Great work being a sleuth for accuracy on these reports clarkey, am sure you have removed a lot of fear from canal paddlers.

But in the interests of safety, would suggest you put a safety flag on the back of the esky bike, like the old farts do on their electric shopping buggies mate.


----------



## andybear (Jan 15, 2006)

Damn things!

Local croc population might help clean them up ;-)

Cheers all andybear


----------



## russmac (Dec 29, 2009)

I've seen a few too! Accidentally released one the other week not knowing what it was... when I found out, I came back to the same place and got him again and one of his friends.

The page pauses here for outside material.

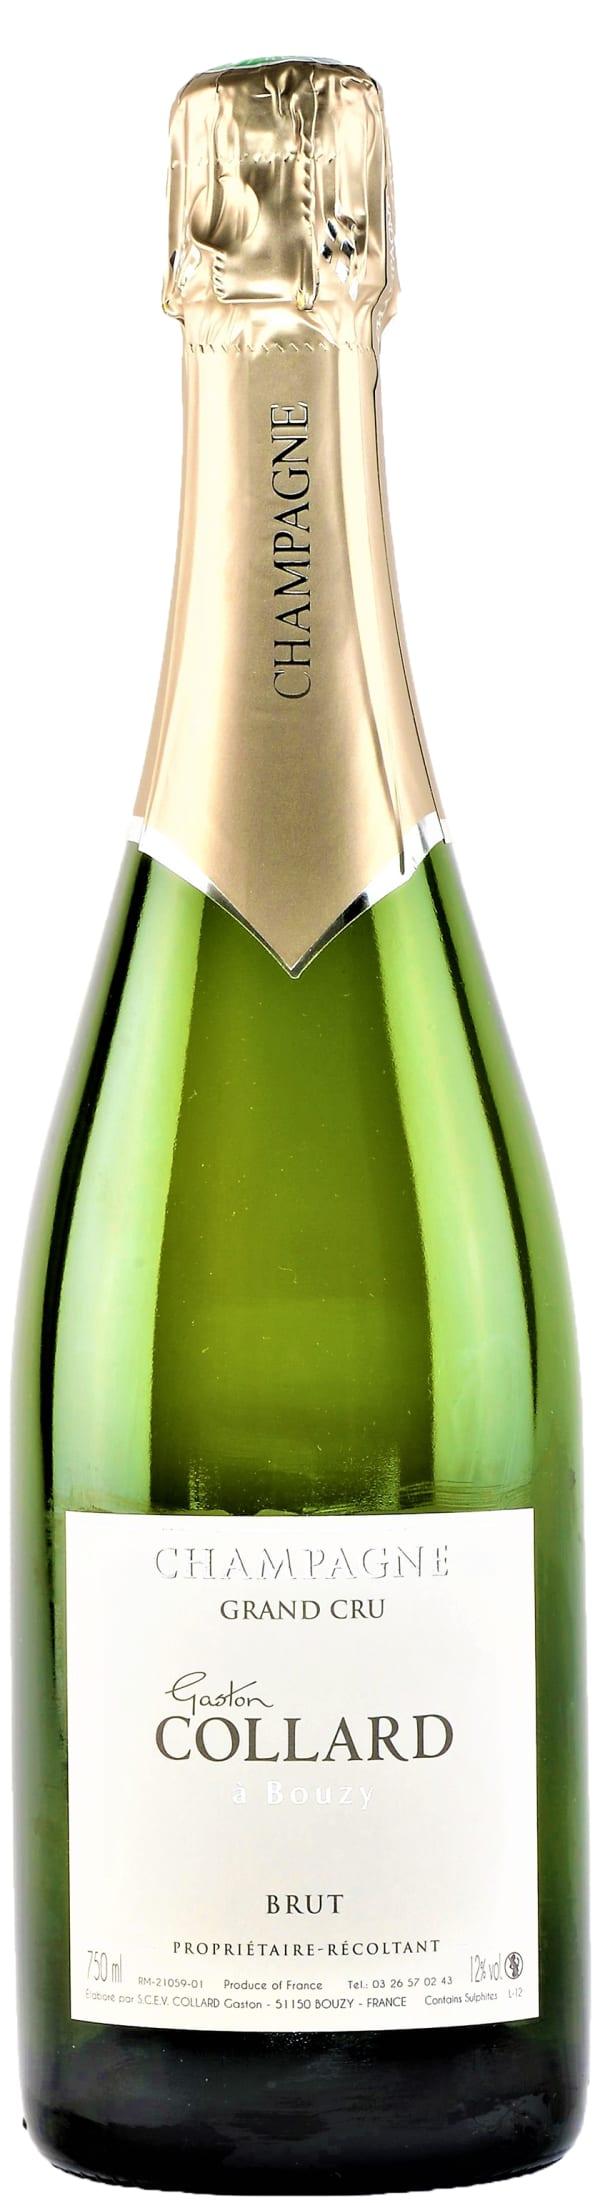 Gaston Collard Bouzy Grand Cru Champagne Brut

Fishing for the environment I call it.










Do you need to call the DPI? I've been just knifing them and putting them in a bin.


----------



## Dodge (Oct 12, 2005)

russmac said:


> Do you need to call the DPI? I've been just knifing them and putting them in a bin.


Russ they are big fish and reckon knifing is the best action mate.


----------



## Barrabundy (Sep 29, 2008)

You'd get a nice fillet of that!


----------



## gcfisho (Oct 31, 2009)

At the inlaws this morning who live on clear island waters and with the council recently cutting the weed , visibility is a lot better . Out the back enjoying the water when i spyed some orange in the water , sure enough there was a big orange fish it swam quite close and i would estimate it at around the 40cm mark .


----------



## luresrule (May 19, 2009)

Geez,there must be a few in there.i wonder if they can be included in a pb list


----------



## Dodge (Oct 12, 2005)

luresrule said:


> .i wonder if they can be included in a pb list


Why not mate, I shoved one under my avatar ;-)


----------